Since Edward Snowden revealed the massive and frequently illegal extent of surveillance routinely been carried out by the US and its allies (including the UK it has to be said) computer, tablet and smartphone manufacturers have boosted privacy protection on such devices while ISPs have provided tools that increase the privacy of their subscribers. Leaders amongst these are Apple and Google who have provided consumers with beefed-up encryption methods and abilities that are now so ubiquitous that theycome built-in as standard on the iOS and Android mobile operating systems.

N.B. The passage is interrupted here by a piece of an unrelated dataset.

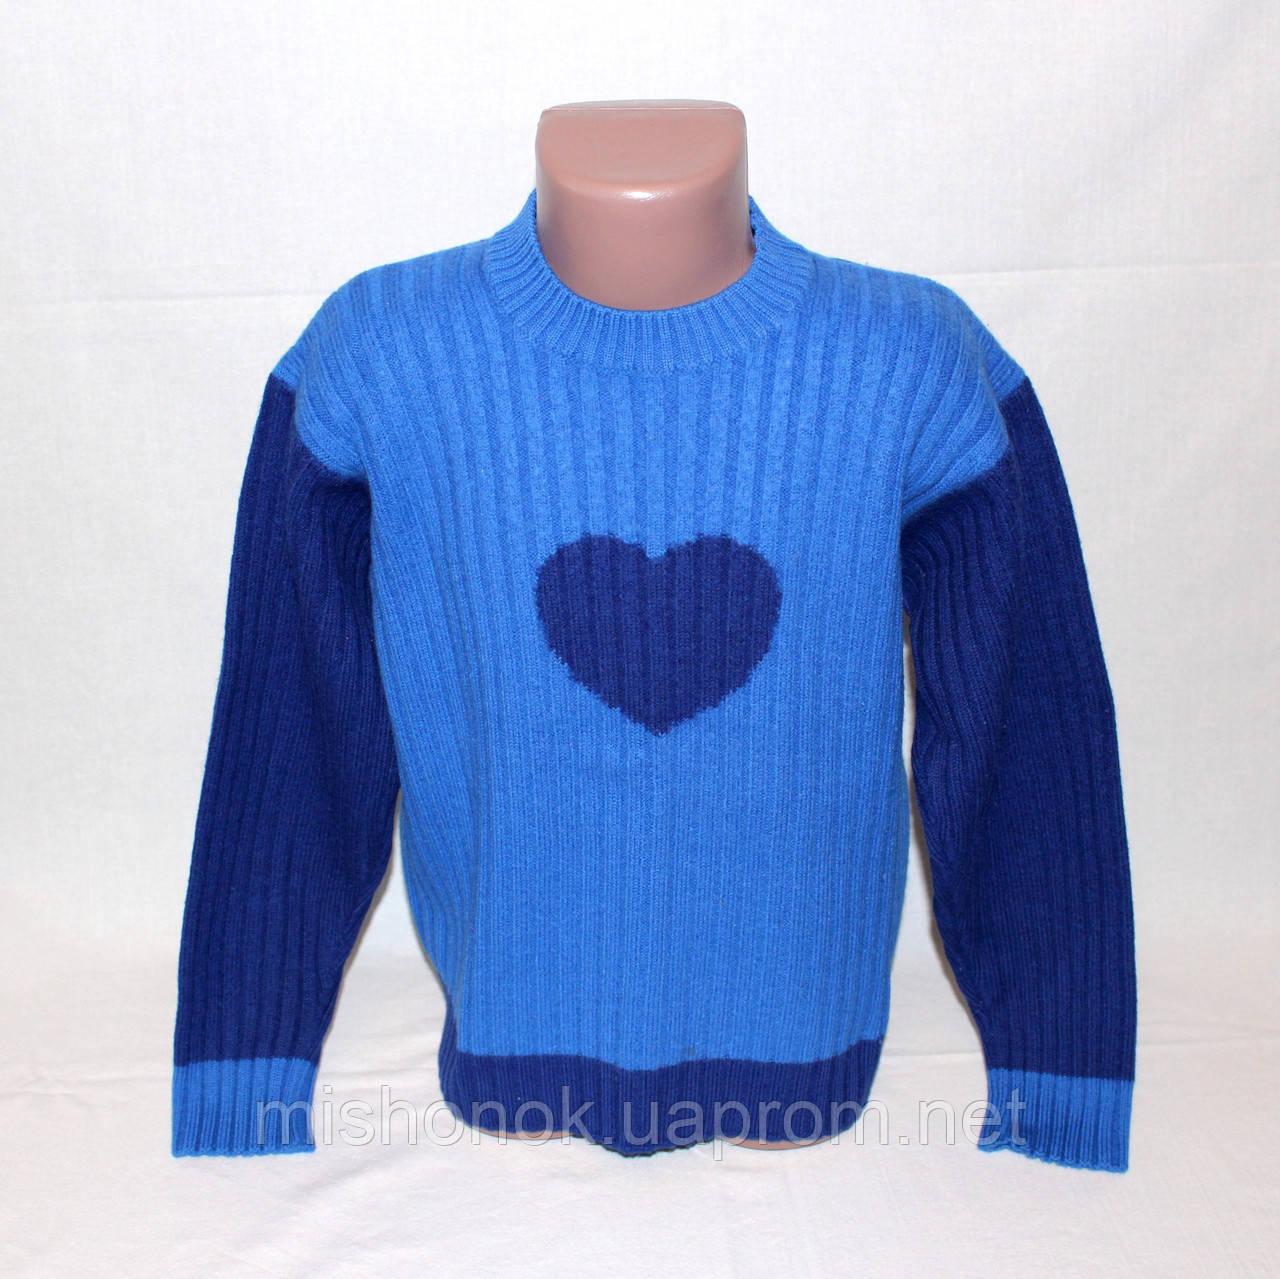 d6d3711f5 Синий свитер Benetton на 6-7 лет р.116 - купить по лучшей цене в ...
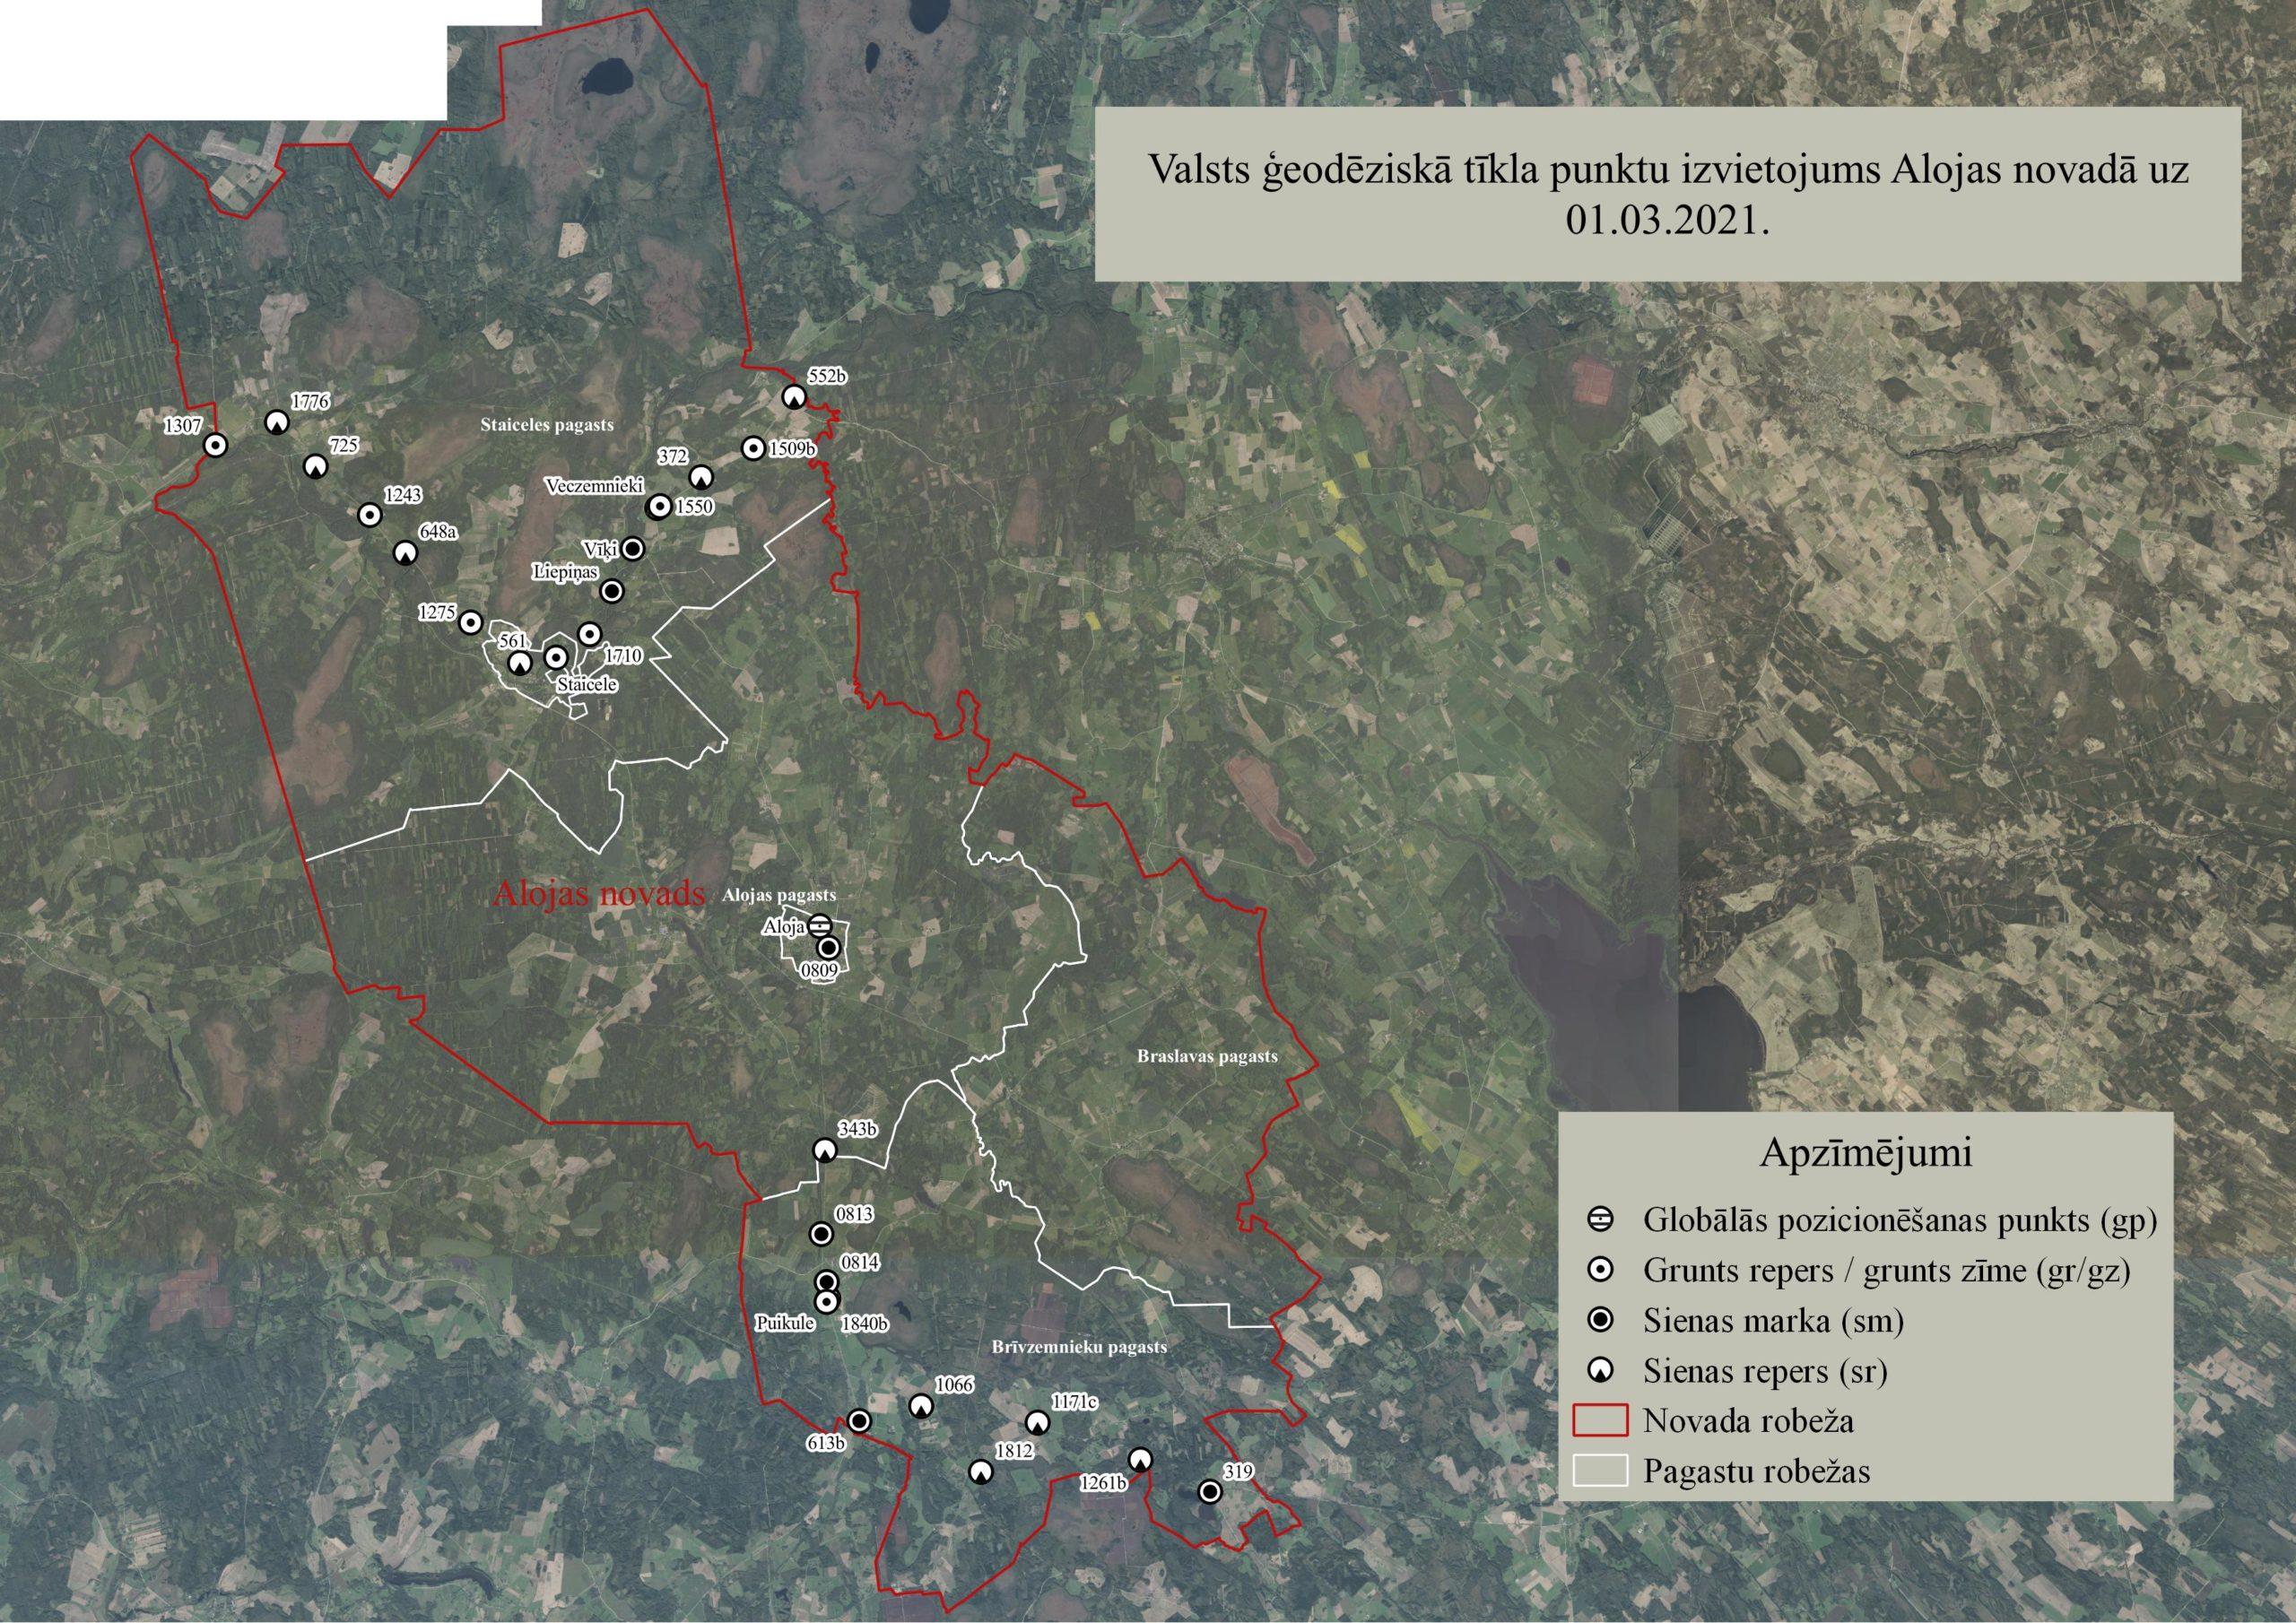 Latvijas Ģeotelpiskās informācijas aģentūra veiks valsts ģeodēziskā tīkla punktu apsekošanu

Two months ago, Apple issued a release saying, “On devices running iOS 8, your personal data such as photos, messages (including attachments), email, contacts, call history, iTunes content, notes, and reminders is placed under the protection of your passcode. Unlike our competitors, Apple cannot bypass your passcode and therefore cannot access this data. So it's not technically feasible for us to respond to government warrants for the extraction of this data from devices in their possession running iOS 8.”

Soon thereafter, Google announced that Android devices to would also come with sophisticated in-built encryption that would prevent anyone from accessing private data if not authorised to do by owner/user of the device itself.

The FBI hated what Apple and Google did and the Director said so publicly. Now the authorities are fighting back and are hoping to circumvent problems by getting mere magistrates to sign off on allowing access to an individual's private data by recourse to ancient legislation.

Commenting on events, Jennifer Granick, director of civil liberties at the centre of Internet and Society at California's Stanford University said, “It’s part of what I think is going to be the next biggest fight that we see on surveillance as everyone starts to implement encryption. Does the “technical assistance” provision ordered by the court mean you have to do something to your product to make it surveillance friendly?”

Elsewhere, Brian Hauss, a lawyer for the American Civil Liberties Union, said, “If the government were to start coercing internet service providers to fundamentally undermine their services, on pain of obstruction of justice charges, I think a lot of companies would respond by either shutting down or designing services that are effectively impossible to wiretap in any way. That would be a tremendous waste of resources, and it would effectively prevent law enforcement from getting even the properly targeted information it needs to build a case. That’s why it’s so important for the government to show restraint when coercing service providers to assist in its investigations."

But there may yet be some sort of a sliver lining. The All Writs Act is so very old that it could, and no doubt will, be argued that even if the likes of Apple and Google were prepared to open up access to the authorities, they still wouldn't be able to provide the powers-that-be with the data they want. Today both iOS and Android encrypt data only in a way the owner of can decrypt. Apple and Google say they have any keys to allow untrammelled access to consumer data as far as their. However, once a punter loads info up to the cloud, anything goes and the feds will be to rootle through ether to their hearts' content.

When George Washington died on December 14, 1799. His last words were "'Tis well". T'aint now.